Re: [LSF/MM/BPF TOPIC][RFC PATCH v4 00/27] Private Memory Nodes (w/ Compressed RAM)

From: Gregory Price

Date: Sun Apr 19 2026 - 22:56:36 EST


On Fri, Apr 17, 2026 at 11:37:36AM +0200, David Hildenbrand (Arm) wrote:
> On 4/15/26 17:17, Gregory Price wrote:
>
> >> Needs a second thought regarding fallback logic I raised above.
> >>
> >> What I think would have to be audited is the usage of __GFP_THISNODE by
> >> kernel allocations, where we would not actually want to allocate from
> >> this private node.
> >>
> >
> > This is fair, and I a re-visit is absolutely warranted.
> >
> > Re-examining the quick audit from my last response suggests - I should
> > never have seen leakage in those cases, but the fallbacks are needed.
> >
> > So yes, this all requires a second look (and a third, and a ninth).
> >
> > I'm not married to __GFP_PRIVATE, but it has been reliable for me.
>
> Yes, we should carefully describe which semantics we want to achieve, to
> then figure out how we could achieve them.
>

Ah, I finally dug up my notes on this.

If we overload __GFP_THISNODE - then we have to audit all gfp_mask's
with THISNODE against the use of any of the following *forever*:

#define node_online_map node_states[N_ONLINE]
#define node_possible_map node_states[N_POSSIBLE]
#define for_each_node(node) for_each_node_state(node, N_POSSIBLE)
#define for_each_online_node(node) for_each_node_state(node, N_ONLINE)

or

cgroup.cpuset.mems_allowed / mems_effective


Anyone that attempts to do:

for_each_online_node(node):
buf = alloc_pages_node(node, __GFP_THISNODE, NULL)
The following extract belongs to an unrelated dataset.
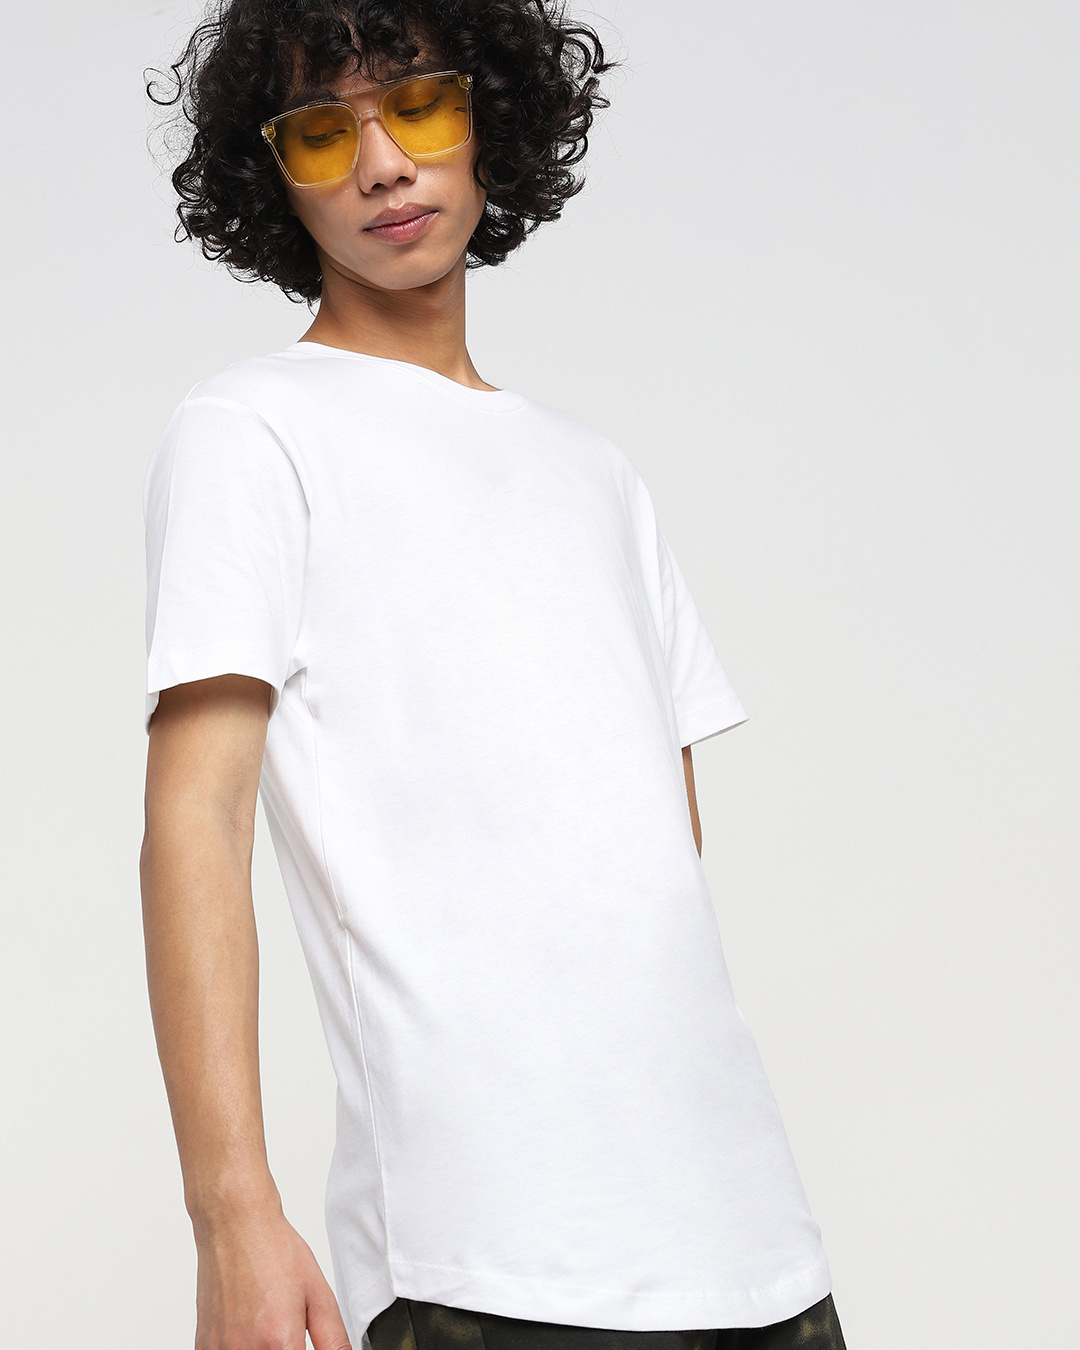 Buy White Half Sleeve Apple Cut T-Shirt for Men white Online at Bewakoof

*will* get incidental access to private node memory, and it won't be
obvious to existing tooling that this should be considered a bug.
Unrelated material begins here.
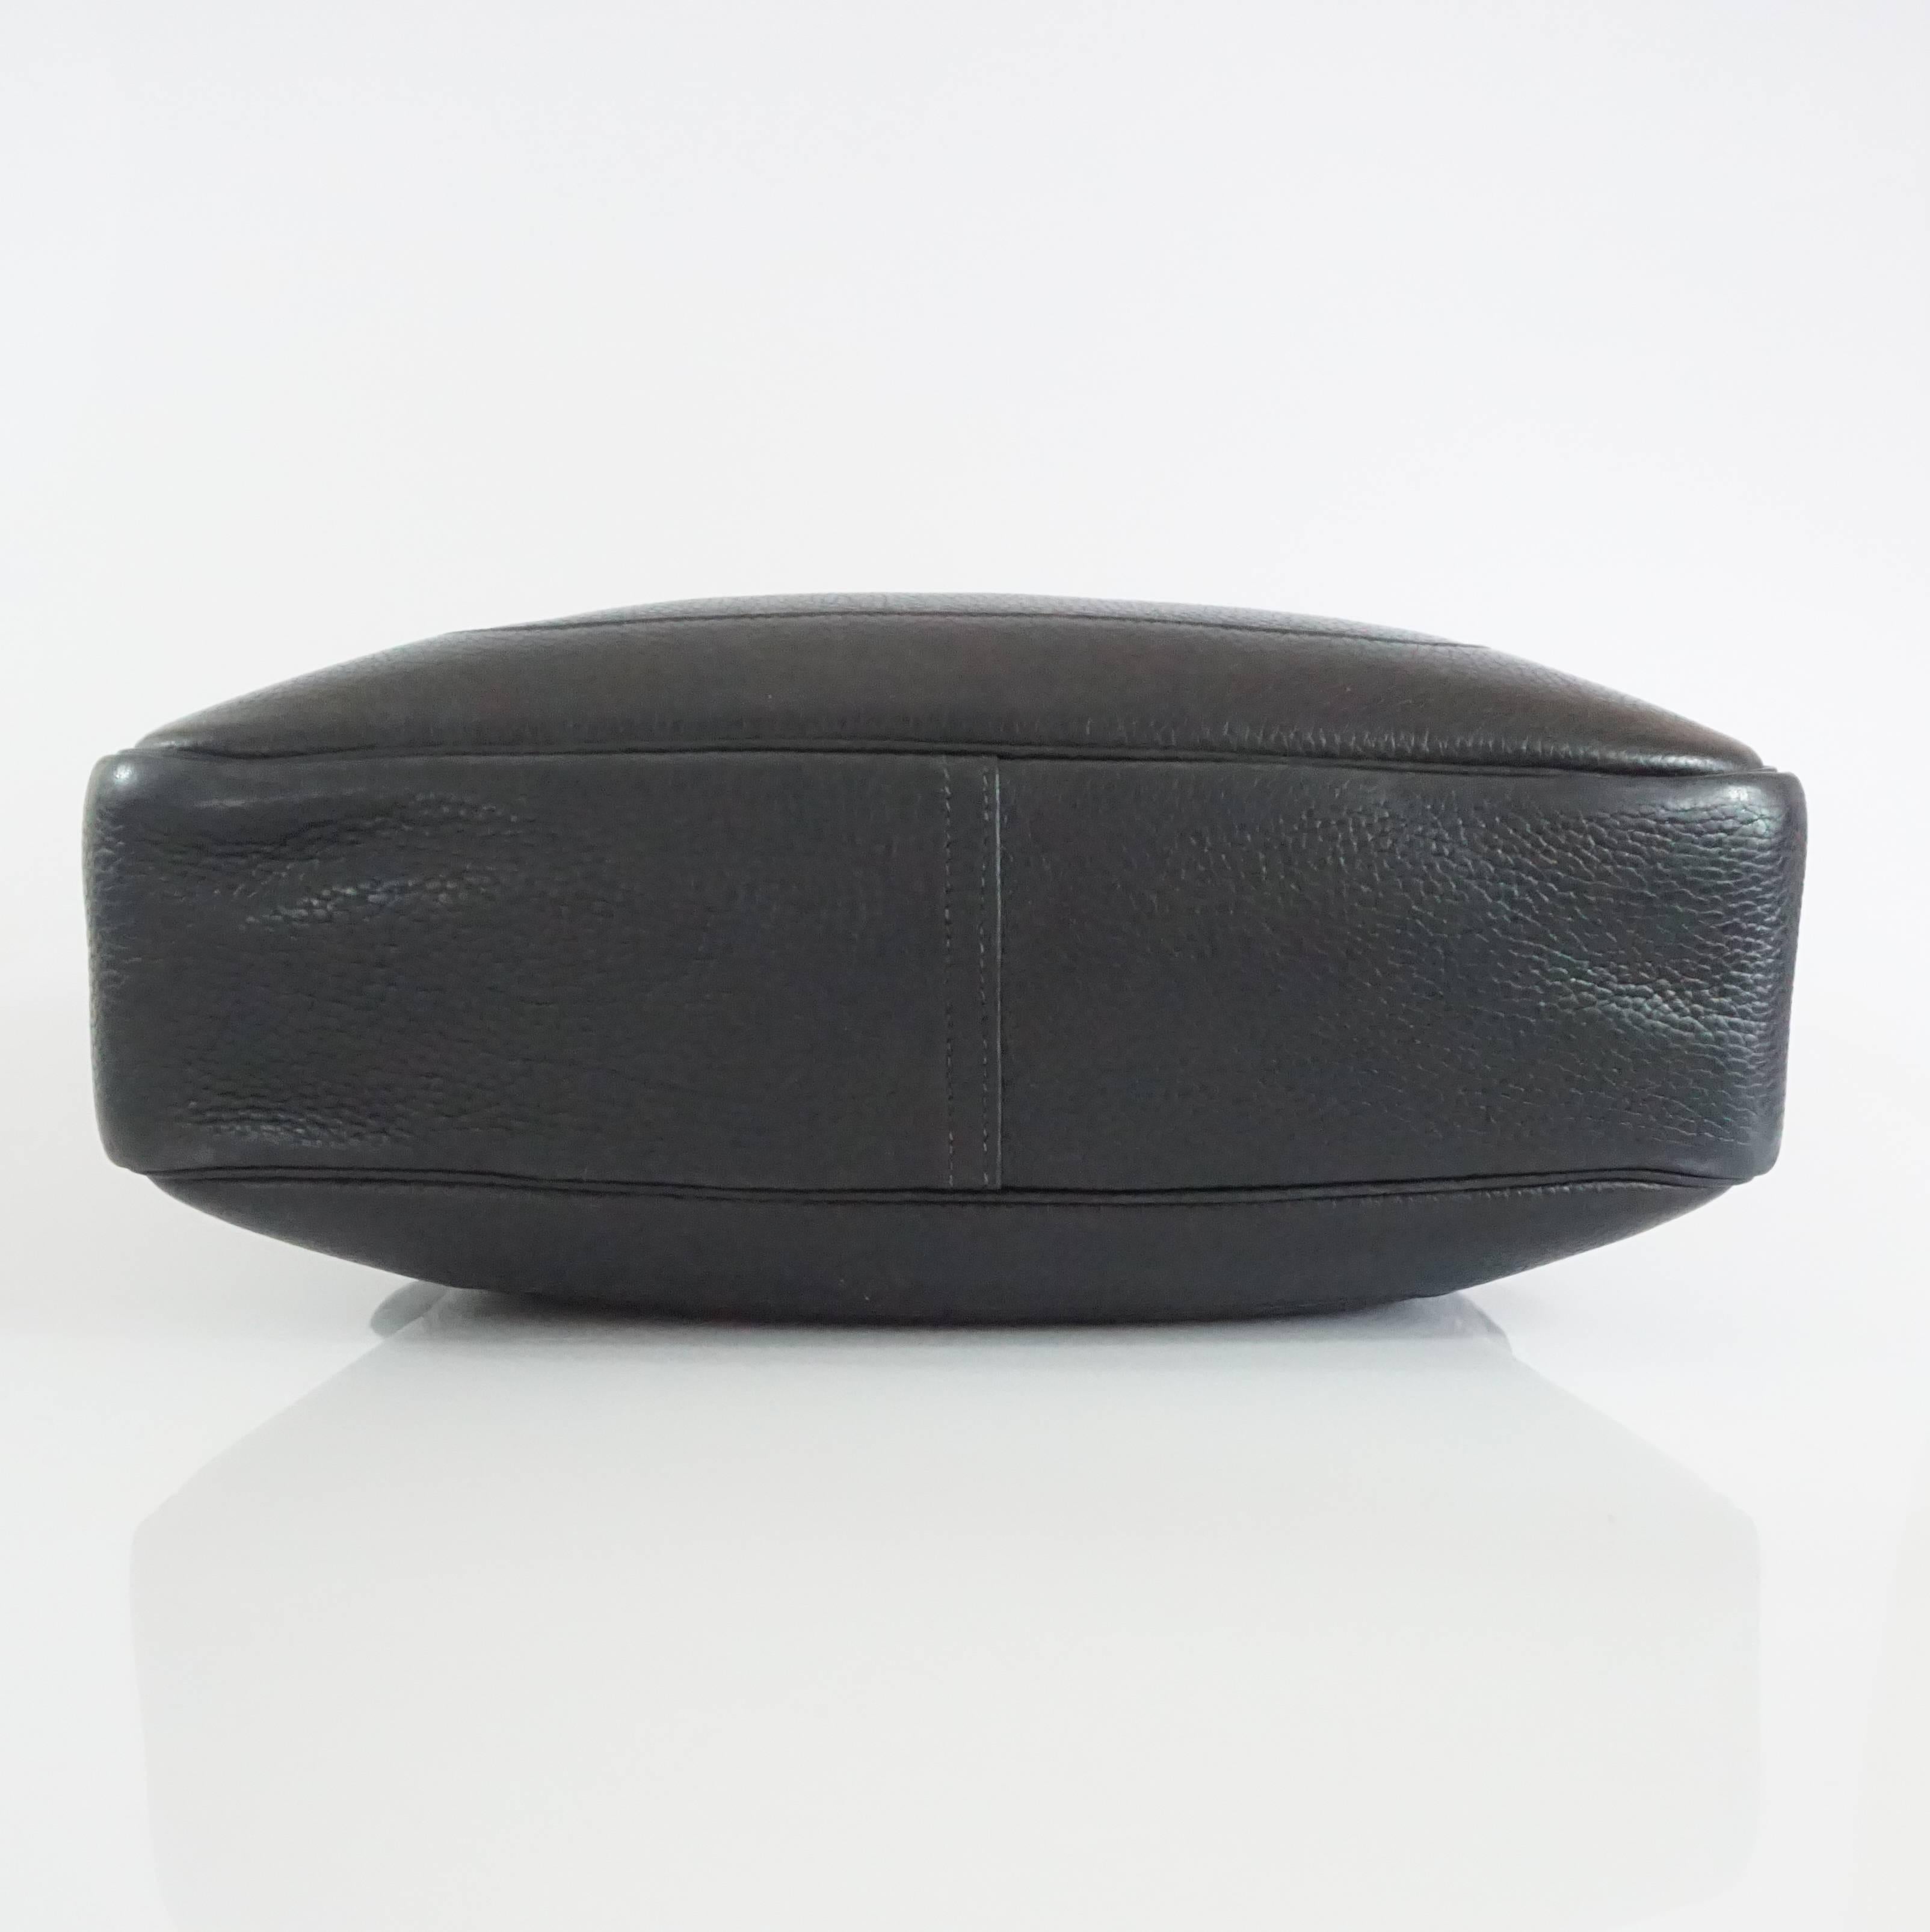 Hermes Black 35cm Togo Leather Trim Handbag - GHW - circa 2004 1

rate of occurance in the current code:
-----------------
node_online_map - 21 instances
node_possible_map - 25 instances
for_each_node - 346 instances
for_each_online_node - 67 instances
GFP_THISNODE - 58 instances
(notes don't have mems_allowed/mems_effective instances)


But it's not always going to be obvious - since nodemasks and gfp_masks
get passed around as variables all throughout the kernel.

I ultimately determined that auditing this in-tree is already a fools
errand - and suggesting we try to validate this never occurs for all
future code moving forward is just not realistic in any sense.

I could not come up with a way to remove private nodes from
node_online/possible_map - and private nodes must be added to
cpuset.mems_allowed to allow cpuset control (otherwise all userland
access is blanket denied).

So I moved back to __GFP_PRIVATE.

=== TL;DR:

The core premise of private nodes is isolation first.

So we want this code:

for node in cpuset.mems_allowed / online_map
buf = alloc_pages_node(node, __GFP_THISNODE, NULL)

To explicitly fail - so that the caller knows they can't use these
masks this way anymore (it was already potentially a bug, but could
have been masked if all online nodes had memory).

~Gregory